• **Aim of the exercise**
Exact copies of the lines below, from the one with "Начало работы с Django API и React" up to and including the one with "Zeffit - Black", are what this calls for; leave out pictures.

• **Task material**
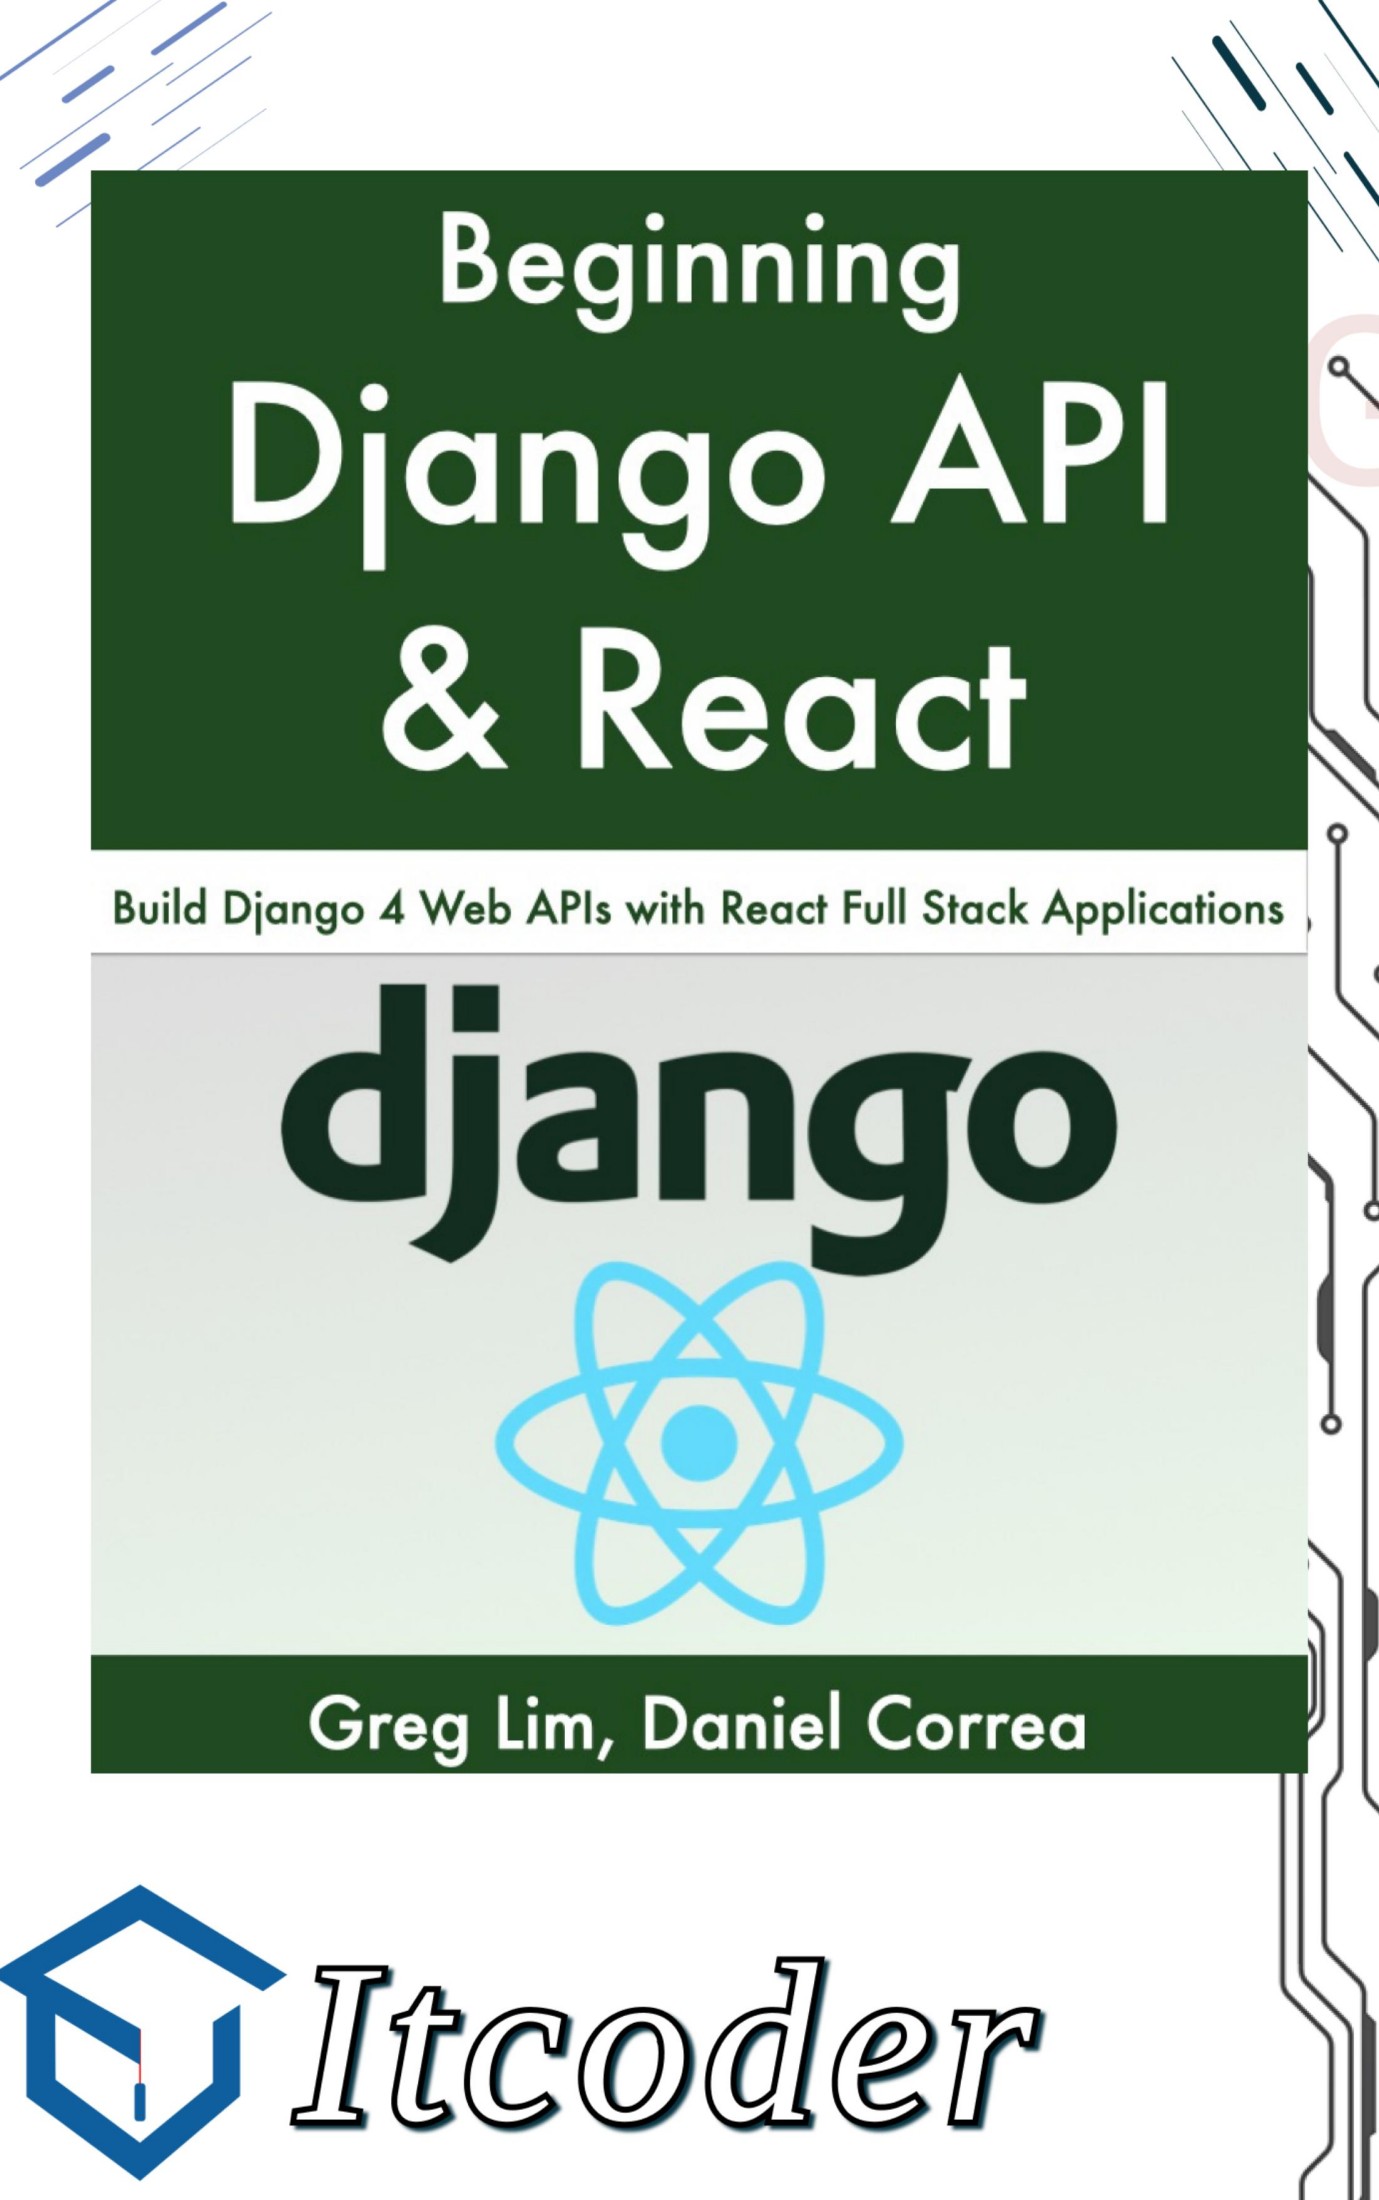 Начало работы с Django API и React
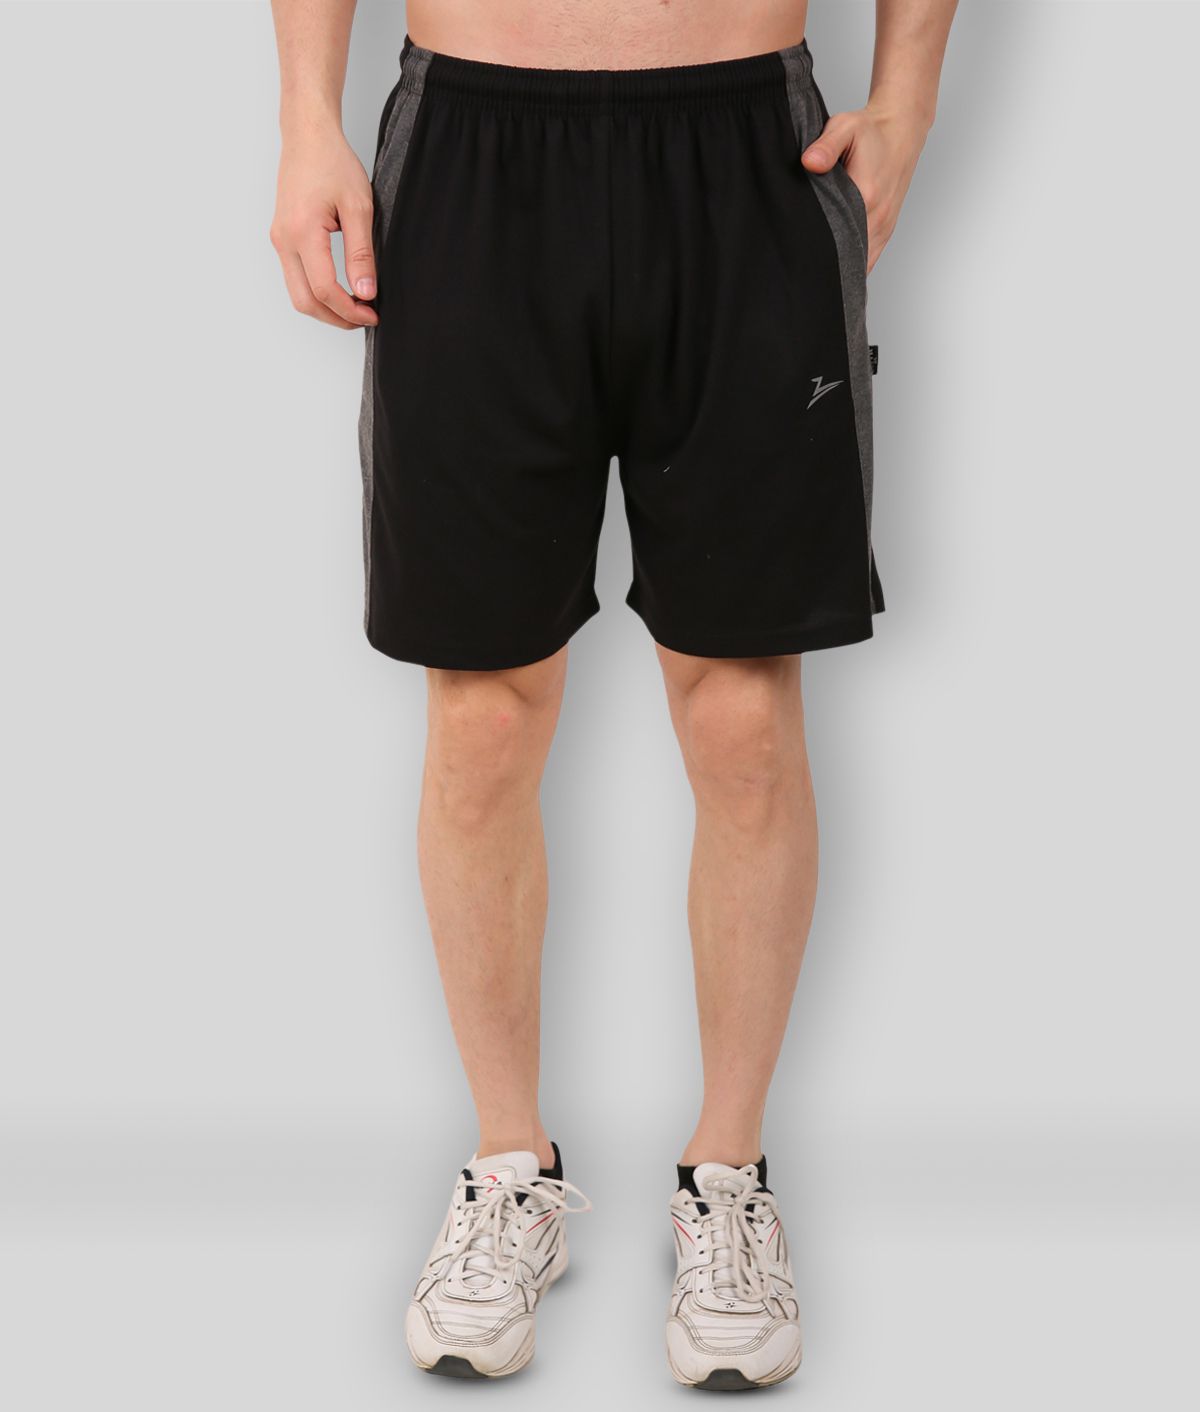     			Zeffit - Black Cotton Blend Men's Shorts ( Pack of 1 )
---
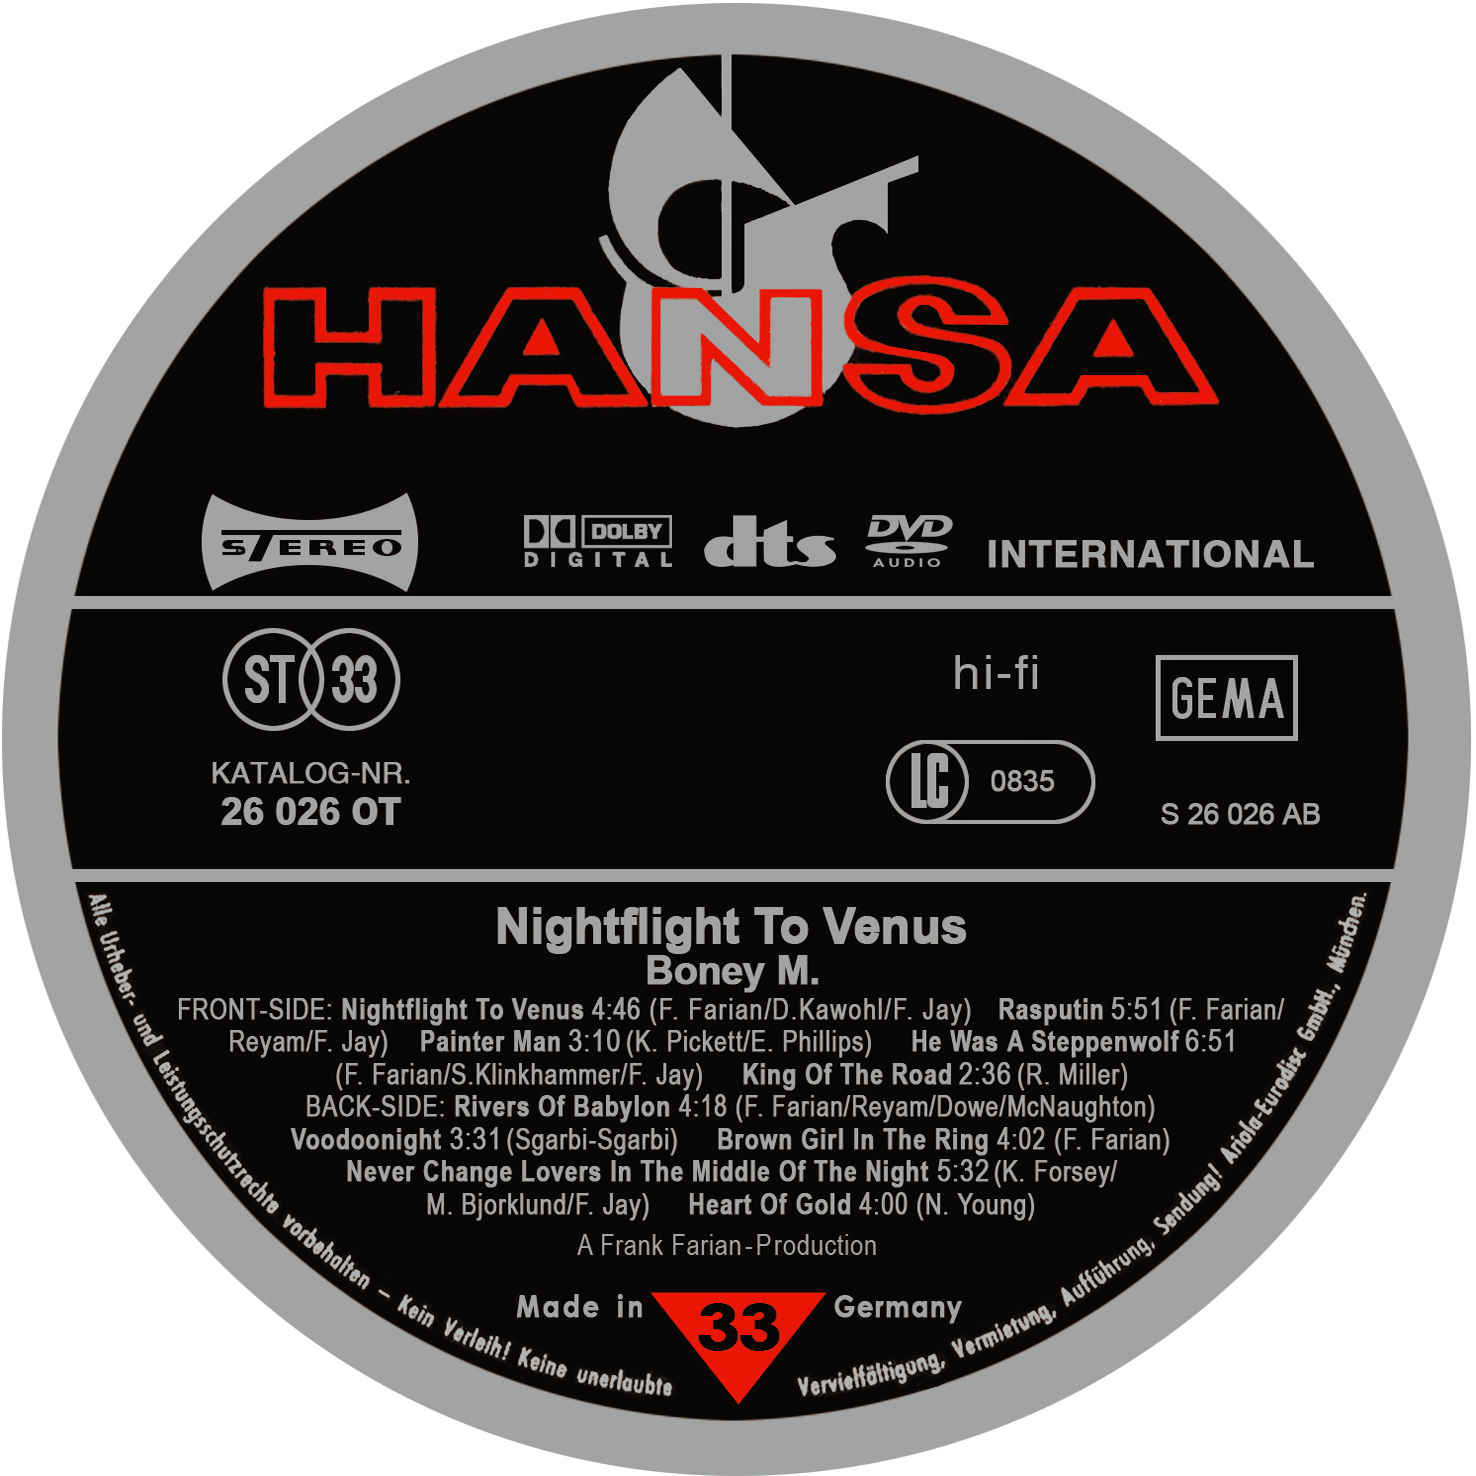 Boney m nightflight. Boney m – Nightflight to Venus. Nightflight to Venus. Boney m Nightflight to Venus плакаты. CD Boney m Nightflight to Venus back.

• **Solution for this exercise**
 Начало работы с Django API и React
     			Zeffit - Black Cotton Blend Men's Shorts ( Pack of 1 )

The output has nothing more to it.